RE: Hostilities still vast speculation19 Feb 2026 16:32
Regards main market listing……according to Gemini AI….
Moving from London's AIM (Alternative Investment Market) to the Main Market typically takes between 3 and 9 months.
Because there is no "fast-track" shortcut, the company must essentially undergo a new application process. While the company is already public, the regulatory "step-up" is significant and requires substantial preparation.
+1
1. Typical Timeline Breakdown
The speed of the move depends largely on how quickly the company can produce a Prospectus and whether it already meets Main Market governance standards.
Preparation (2–4 months): Appointing a Sponsor (Main Market version of a Nomad), legal advisors, and reporting accountants. This phase involves drafting the Prospectus and performing financial due diligence.
FCA Review & Approval (1–3 months): Unlike AIM, where documents are checked by the Nomad, the Financial Conduct Authority (FCA) must personally review and approve the Prospectus. This often involves multiple rounds of questions.

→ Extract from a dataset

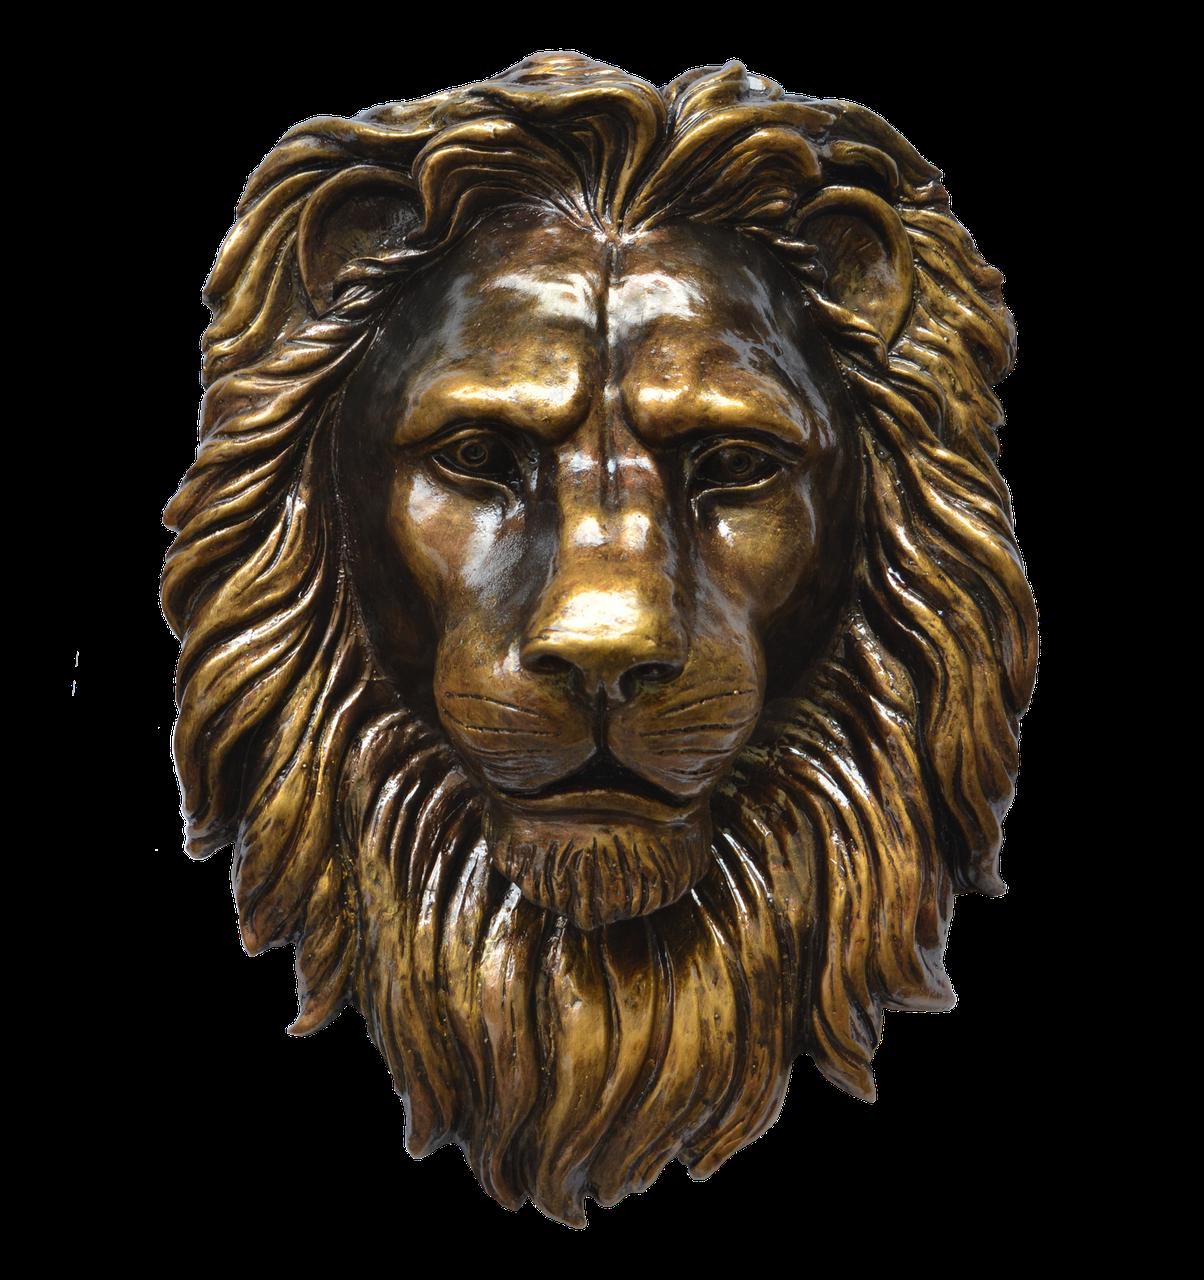 Барельеф голова льва, фото 1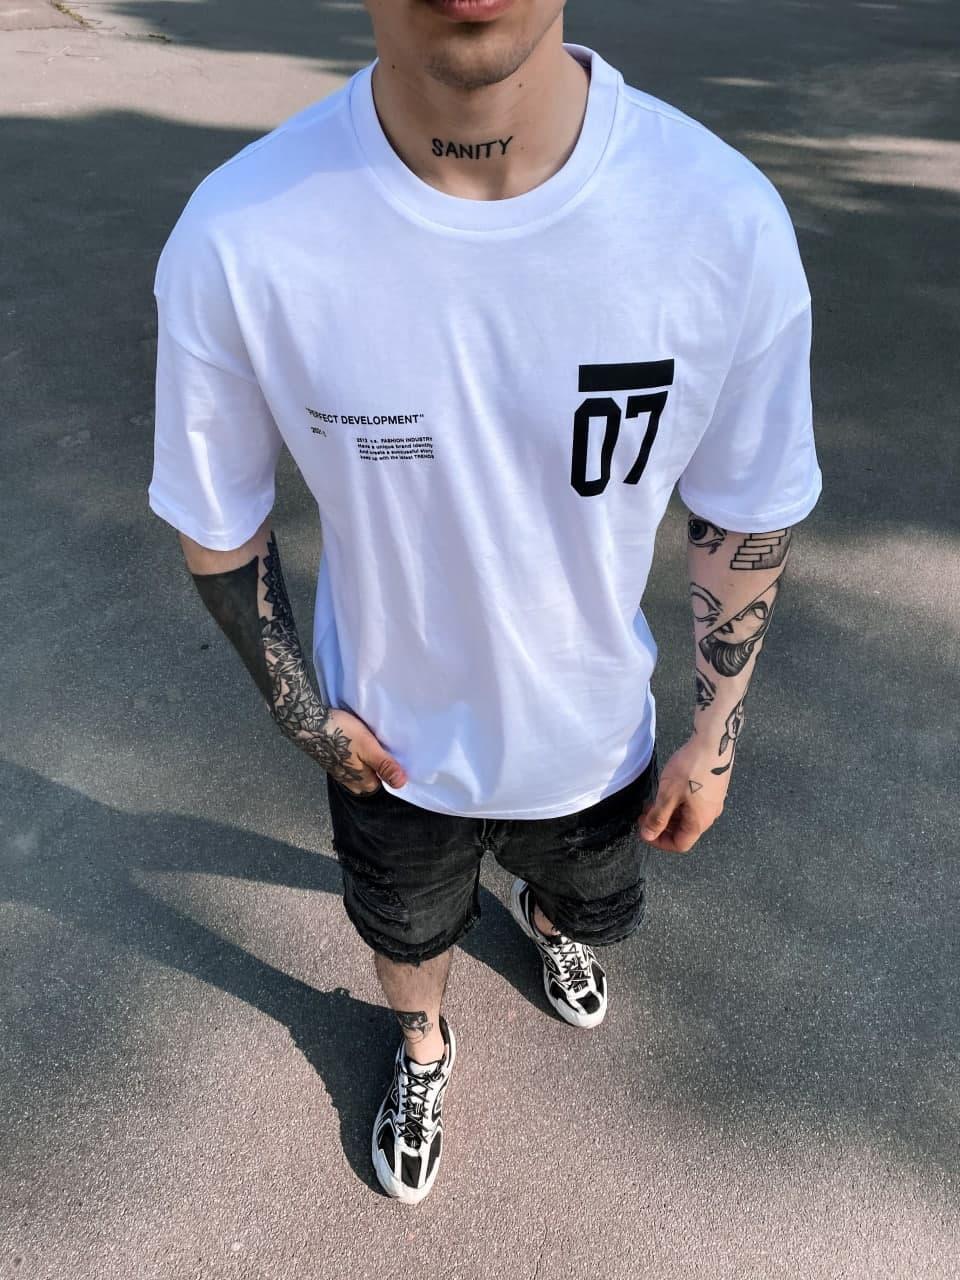 Мужская футболка Perfect Development 07 (белая) Sf201

The "Notice" Period (20 business days): Under AIM rules, a company must give at least 20 business days' notice before cancelling its AIM listing to move to the Main Market.
2. Key Requirements That Impact Timing
The transition is more than just a paperwork exercise; certain eligibility criteria can delay the move if not already met:
Requirement Details
Market Cap: A minimum market capitalization of £30 million is required (though most companies wait until they are much larger, often £250m+).
Free Float: At least 10% of shares must be in "public hands."
Governance: The company must switch from the QCA Code to the more rigorous UK Corporate Governance Code (requiring more independent directors).
Prospectus A full Prospectus is usually required. However, if a company has been on AIM for 18+ months, it may be eligible for a "simplified" prospectus regime, which can save time and cost.
3. Why the Process Takes Time
The Sponsor's Role: On the Main Market, you must have a "Sponsor" (an investment bank or boutique) who takes legal responsibility for confirming to the FCA that the company is fit for listing. Their due diligence is often more exhaustive than an AIM Nomad’s.
Historical Financials: While recent 2024 reforms have eased some requirements, companies generally still need to provide three years of audited financial information prepared to International Financial Reporting Standards (IFRS).
Summary of Recent 2024/2025 Reforms
Following the UK Listing Rules (UKLR) overhaul in July 2024, the gap between AIM and the Main Market has narrowed. For example, the requirement for a three-year track record has been removed for the new ESCC (Equity Shares in Commercial Companies) category, potentially making the move faster for high-growth companies that haven't hit the three-year mark yet.